§ **PROVIDED DATA**
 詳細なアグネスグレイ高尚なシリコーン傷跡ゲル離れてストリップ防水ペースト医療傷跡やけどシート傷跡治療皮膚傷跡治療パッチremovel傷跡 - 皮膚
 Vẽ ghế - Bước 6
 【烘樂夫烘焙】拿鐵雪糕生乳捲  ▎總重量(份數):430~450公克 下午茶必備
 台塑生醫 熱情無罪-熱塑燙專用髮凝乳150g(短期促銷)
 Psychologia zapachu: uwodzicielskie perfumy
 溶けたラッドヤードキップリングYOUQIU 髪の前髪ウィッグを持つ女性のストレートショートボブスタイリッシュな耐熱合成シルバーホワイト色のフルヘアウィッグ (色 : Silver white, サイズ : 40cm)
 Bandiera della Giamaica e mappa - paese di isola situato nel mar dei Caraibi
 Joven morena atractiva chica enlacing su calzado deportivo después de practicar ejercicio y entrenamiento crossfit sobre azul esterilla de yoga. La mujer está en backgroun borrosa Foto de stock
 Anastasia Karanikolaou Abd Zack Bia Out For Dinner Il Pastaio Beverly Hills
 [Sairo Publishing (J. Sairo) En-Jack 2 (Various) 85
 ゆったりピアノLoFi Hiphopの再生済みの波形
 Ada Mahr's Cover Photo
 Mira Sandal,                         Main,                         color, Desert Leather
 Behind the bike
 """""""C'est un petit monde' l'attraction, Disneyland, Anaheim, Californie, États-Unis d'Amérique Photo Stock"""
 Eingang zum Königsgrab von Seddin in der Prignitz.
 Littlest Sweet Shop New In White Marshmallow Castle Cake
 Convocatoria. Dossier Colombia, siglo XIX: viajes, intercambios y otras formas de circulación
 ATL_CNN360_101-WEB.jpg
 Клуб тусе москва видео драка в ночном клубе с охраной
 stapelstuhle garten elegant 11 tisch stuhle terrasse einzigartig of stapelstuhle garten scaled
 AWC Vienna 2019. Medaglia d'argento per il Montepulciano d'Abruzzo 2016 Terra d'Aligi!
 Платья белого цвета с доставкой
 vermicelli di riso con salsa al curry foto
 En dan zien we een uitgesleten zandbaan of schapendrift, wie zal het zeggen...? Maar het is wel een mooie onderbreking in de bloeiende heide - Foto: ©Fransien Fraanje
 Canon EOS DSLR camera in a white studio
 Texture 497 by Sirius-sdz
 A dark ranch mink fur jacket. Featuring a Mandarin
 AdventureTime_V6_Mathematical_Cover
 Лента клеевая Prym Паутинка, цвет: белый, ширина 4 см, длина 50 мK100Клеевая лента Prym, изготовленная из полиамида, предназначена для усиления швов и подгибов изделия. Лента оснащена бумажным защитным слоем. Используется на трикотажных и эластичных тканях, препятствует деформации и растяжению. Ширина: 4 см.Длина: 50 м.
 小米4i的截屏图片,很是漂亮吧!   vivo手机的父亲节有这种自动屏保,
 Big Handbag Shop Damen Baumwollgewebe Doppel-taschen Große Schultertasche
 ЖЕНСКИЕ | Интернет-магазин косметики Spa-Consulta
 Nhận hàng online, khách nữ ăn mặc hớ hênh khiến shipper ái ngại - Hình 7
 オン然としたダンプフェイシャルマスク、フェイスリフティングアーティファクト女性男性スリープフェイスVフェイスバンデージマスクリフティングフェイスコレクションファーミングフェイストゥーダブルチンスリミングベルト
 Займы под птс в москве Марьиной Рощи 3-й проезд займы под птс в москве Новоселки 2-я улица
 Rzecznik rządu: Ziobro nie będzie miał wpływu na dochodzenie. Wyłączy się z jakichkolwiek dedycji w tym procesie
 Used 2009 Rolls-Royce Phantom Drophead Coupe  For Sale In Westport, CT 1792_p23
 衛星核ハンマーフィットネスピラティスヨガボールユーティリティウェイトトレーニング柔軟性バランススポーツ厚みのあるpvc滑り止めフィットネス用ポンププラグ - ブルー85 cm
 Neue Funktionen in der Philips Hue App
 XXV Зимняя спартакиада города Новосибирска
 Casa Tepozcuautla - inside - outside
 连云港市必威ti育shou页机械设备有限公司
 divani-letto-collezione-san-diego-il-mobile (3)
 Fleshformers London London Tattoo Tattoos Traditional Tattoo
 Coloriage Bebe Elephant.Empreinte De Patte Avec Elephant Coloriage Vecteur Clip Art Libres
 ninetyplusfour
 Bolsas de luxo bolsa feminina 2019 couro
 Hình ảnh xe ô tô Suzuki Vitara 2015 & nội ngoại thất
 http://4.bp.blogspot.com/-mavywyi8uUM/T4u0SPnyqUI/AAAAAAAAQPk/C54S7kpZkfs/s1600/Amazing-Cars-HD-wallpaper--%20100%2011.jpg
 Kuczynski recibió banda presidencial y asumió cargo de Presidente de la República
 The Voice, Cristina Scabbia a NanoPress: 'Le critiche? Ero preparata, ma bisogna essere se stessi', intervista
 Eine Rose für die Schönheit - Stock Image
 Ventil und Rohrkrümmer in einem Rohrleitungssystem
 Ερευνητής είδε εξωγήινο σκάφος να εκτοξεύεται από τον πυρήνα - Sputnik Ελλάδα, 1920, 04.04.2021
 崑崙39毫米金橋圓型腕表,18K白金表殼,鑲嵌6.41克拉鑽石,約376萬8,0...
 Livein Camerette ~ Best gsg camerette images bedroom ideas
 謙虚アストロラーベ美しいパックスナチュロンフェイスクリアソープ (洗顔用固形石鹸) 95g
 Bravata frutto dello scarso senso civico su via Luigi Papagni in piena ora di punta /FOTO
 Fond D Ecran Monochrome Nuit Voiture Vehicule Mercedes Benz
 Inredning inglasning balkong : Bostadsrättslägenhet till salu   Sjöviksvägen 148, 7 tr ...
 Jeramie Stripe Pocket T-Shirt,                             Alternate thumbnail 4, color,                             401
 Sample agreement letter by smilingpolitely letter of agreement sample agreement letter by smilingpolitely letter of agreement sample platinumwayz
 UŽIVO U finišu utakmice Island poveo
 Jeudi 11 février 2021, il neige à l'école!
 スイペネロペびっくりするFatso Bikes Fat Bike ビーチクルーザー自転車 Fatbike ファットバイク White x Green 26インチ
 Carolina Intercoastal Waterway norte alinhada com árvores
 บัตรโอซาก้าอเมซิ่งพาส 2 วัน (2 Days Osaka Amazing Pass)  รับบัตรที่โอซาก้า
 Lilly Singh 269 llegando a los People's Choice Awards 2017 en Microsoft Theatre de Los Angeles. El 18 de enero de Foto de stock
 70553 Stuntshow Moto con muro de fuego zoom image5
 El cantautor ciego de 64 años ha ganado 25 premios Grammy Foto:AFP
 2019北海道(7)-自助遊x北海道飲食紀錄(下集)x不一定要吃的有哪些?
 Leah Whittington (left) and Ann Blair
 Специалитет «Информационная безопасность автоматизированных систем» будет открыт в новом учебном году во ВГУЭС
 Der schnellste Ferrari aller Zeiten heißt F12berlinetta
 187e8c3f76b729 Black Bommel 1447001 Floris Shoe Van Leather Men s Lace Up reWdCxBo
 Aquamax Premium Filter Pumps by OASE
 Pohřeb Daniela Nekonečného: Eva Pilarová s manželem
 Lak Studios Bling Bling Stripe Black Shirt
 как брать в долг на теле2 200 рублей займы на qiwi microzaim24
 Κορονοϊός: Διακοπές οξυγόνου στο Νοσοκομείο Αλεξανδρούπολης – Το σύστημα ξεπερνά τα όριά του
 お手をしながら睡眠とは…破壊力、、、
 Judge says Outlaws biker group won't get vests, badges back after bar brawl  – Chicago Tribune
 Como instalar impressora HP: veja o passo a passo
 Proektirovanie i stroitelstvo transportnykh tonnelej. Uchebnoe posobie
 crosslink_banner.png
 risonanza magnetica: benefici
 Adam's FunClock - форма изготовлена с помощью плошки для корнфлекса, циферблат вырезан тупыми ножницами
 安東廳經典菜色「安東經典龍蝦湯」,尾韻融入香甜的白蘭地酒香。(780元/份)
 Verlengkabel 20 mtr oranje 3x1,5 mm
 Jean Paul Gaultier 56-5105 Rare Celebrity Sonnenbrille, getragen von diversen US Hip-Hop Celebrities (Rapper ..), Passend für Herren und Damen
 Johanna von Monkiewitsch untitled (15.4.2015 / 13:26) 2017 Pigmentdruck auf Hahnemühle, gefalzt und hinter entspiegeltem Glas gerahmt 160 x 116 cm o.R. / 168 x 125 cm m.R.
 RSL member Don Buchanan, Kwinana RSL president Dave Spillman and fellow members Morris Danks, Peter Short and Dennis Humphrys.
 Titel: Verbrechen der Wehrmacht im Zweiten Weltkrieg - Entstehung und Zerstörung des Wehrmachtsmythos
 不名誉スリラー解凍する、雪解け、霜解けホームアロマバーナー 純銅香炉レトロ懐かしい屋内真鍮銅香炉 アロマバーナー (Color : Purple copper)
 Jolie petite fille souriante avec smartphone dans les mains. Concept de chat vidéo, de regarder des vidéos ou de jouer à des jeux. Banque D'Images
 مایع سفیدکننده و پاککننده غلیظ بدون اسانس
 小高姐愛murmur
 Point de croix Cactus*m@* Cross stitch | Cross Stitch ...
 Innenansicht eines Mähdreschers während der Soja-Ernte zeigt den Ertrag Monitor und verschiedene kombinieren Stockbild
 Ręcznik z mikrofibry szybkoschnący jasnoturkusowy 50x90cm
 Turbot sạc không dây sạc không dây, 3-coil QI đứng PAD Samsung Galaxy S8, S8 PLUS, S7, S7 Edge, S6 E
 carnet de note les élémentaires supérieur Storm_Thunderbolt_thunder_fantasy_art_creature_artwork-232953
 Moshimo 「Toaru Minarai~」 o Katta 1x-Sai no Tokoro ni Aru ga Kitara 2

§ **PROBLEM DETAILS**
Find how many lines in the preceding listing contain the word "Shop", and answer with that number only.

§ **RESULT FOR THIS EXERCISE**
2